▶ [TASK TO CARRY OUT] Where a picture shows up in the listing below, omit it and output the rest exactly.

▶ [MATERIAL PROVIDED]

###

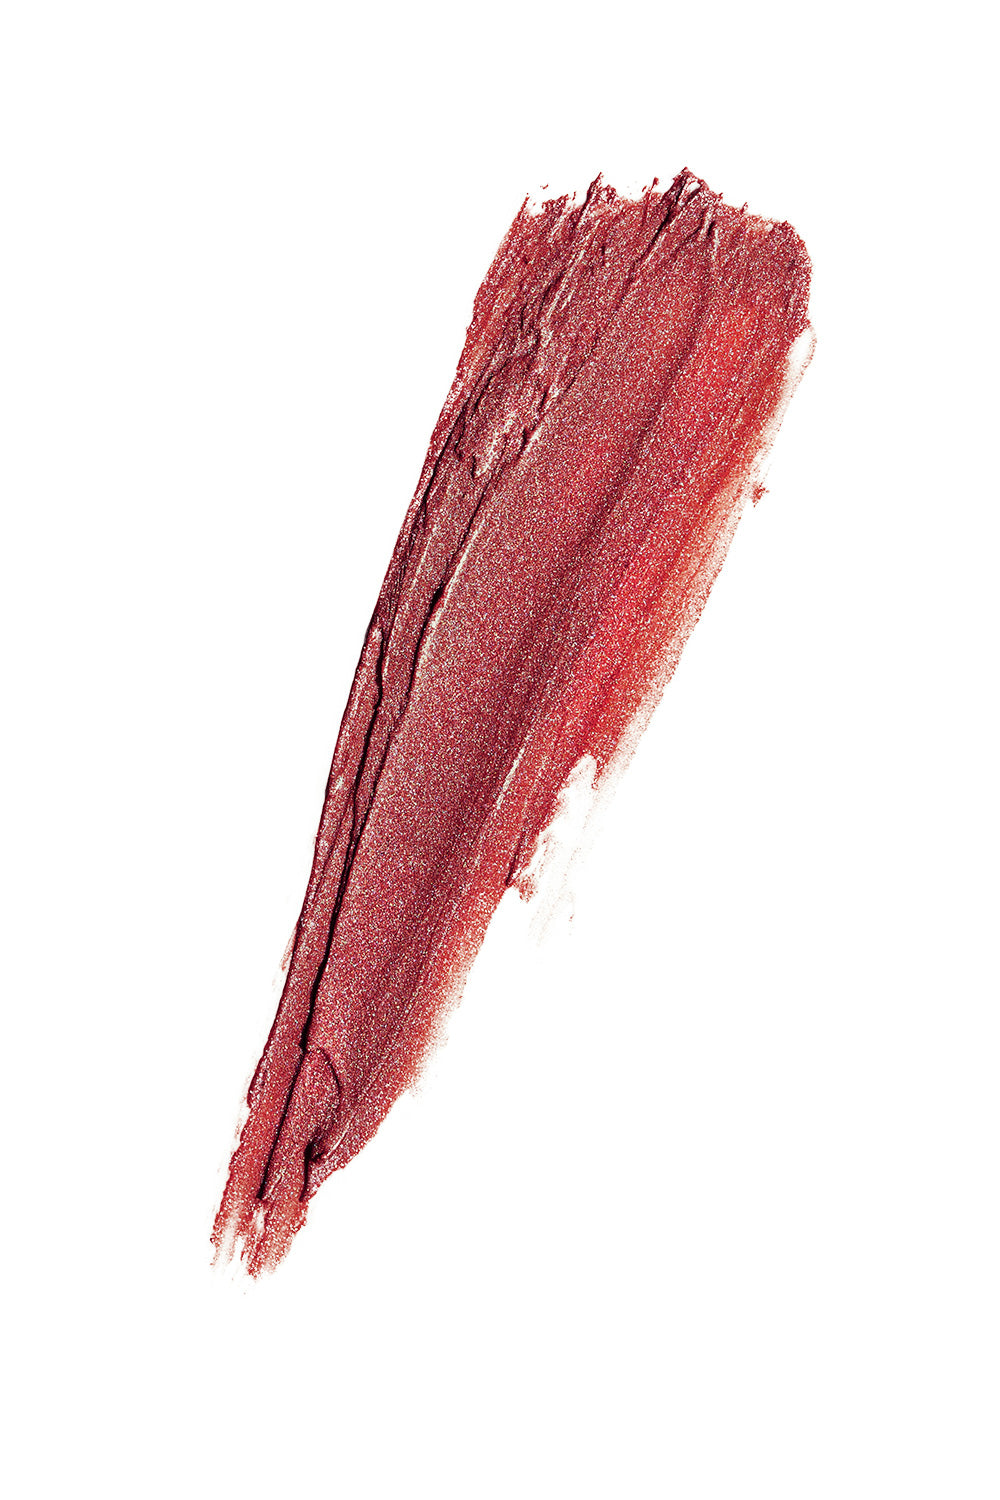 Venus - Type 3 Lipstick
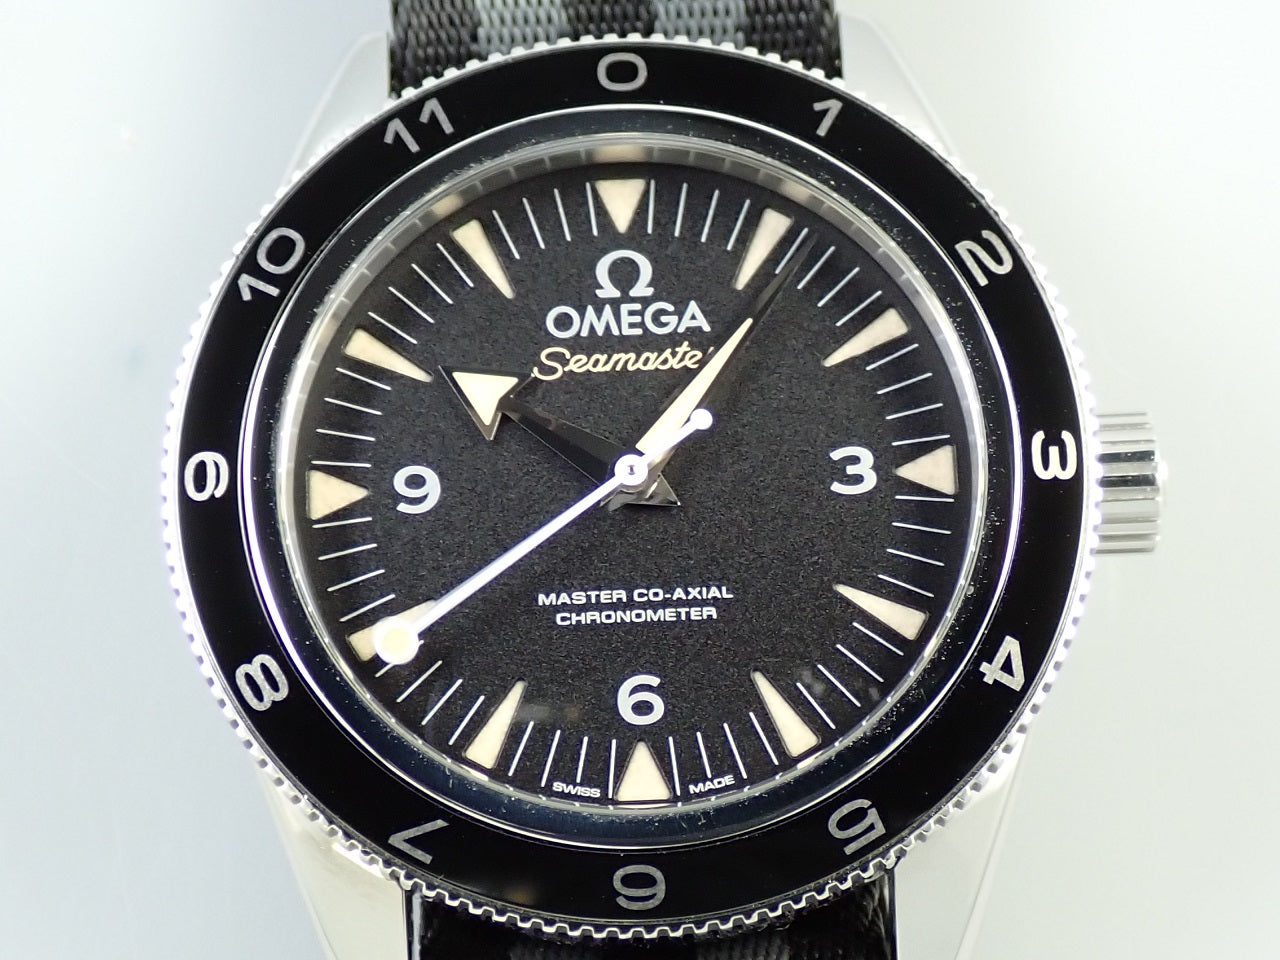 Omega Seamaster 300 Specter &lt;Warranty, Box, etc.&gt;
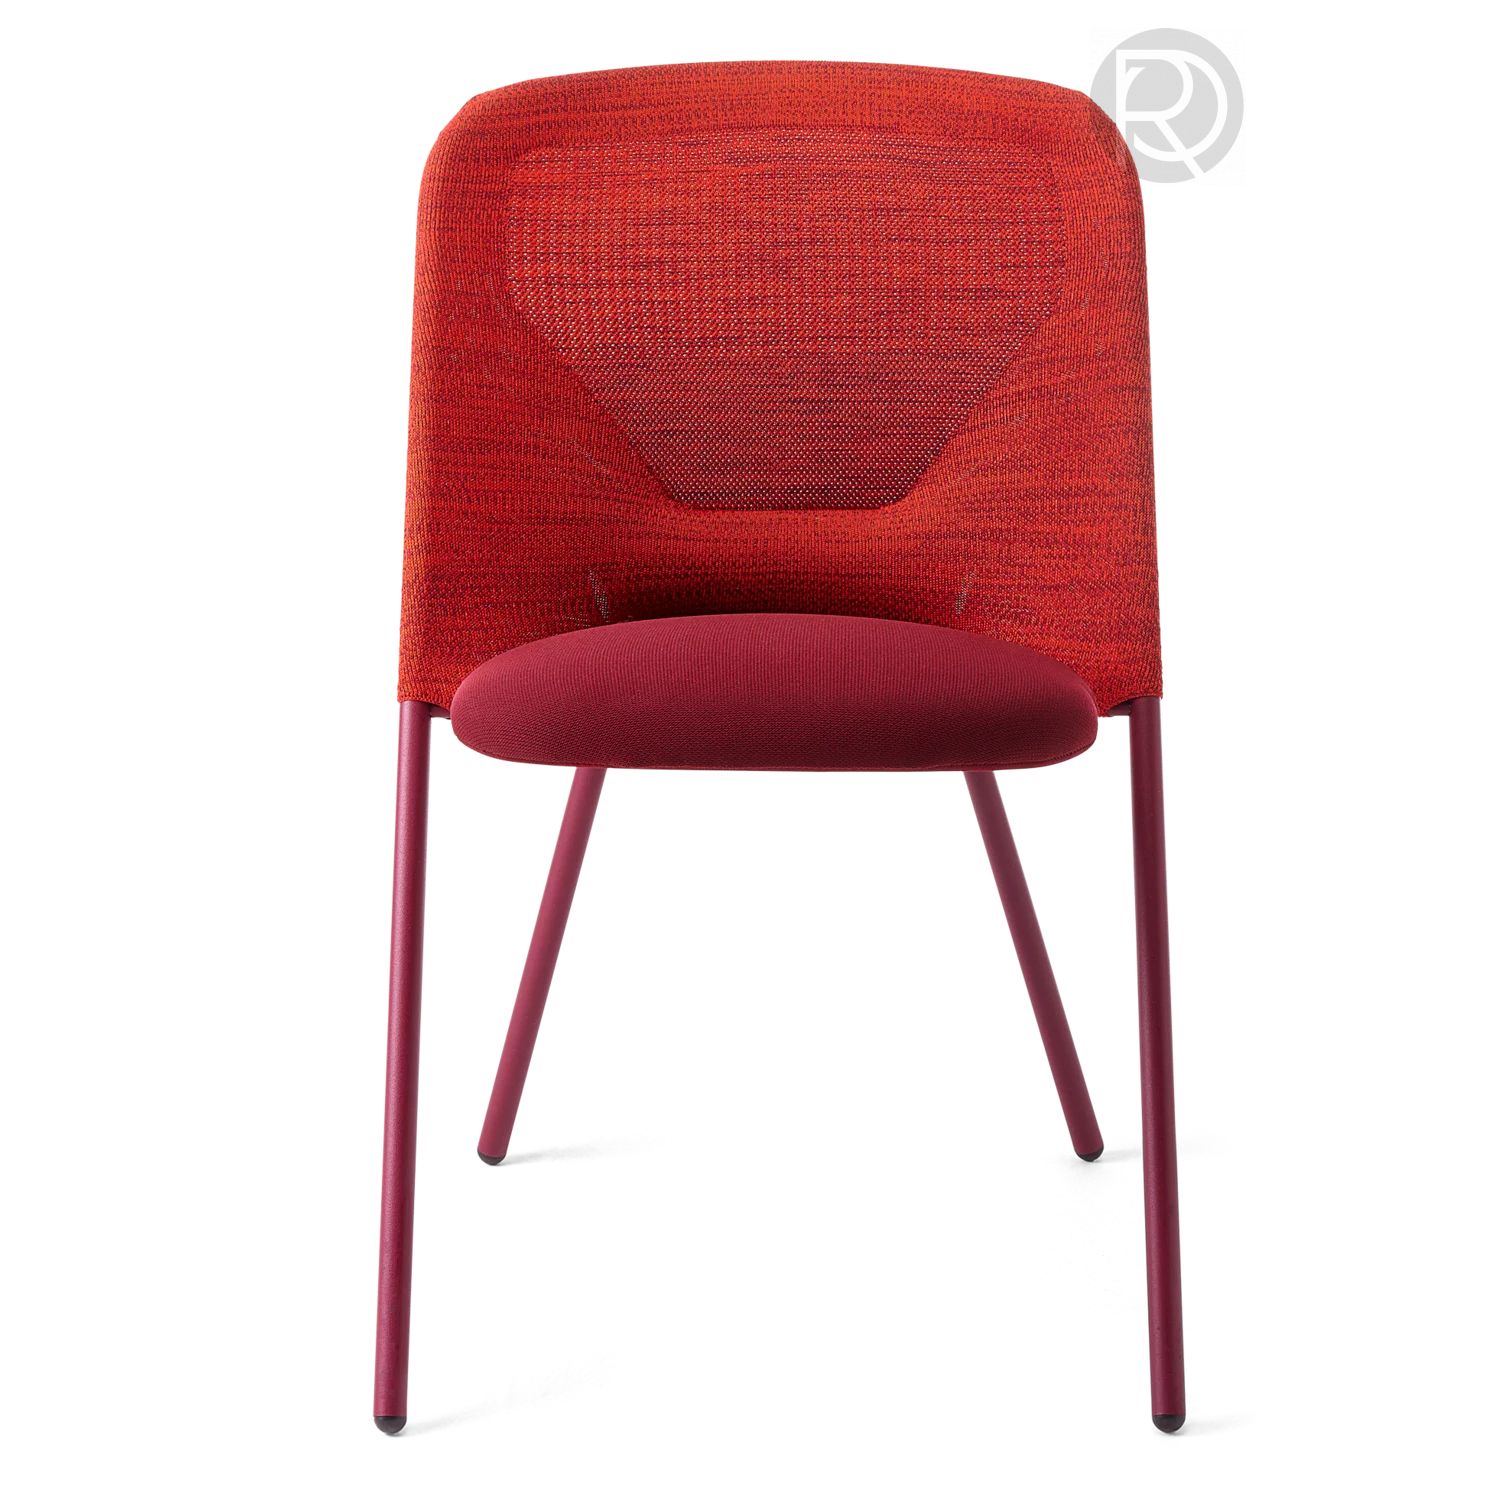 Chair SHIFT by Moooi

###

▶ [RESPONSE BELOW]
 Venus - Type 3 Lipstick
 Omega Seamaster 300 Specter &lt;Warranty, Box, etc.&gt;
 Chair SHIFT by Moooi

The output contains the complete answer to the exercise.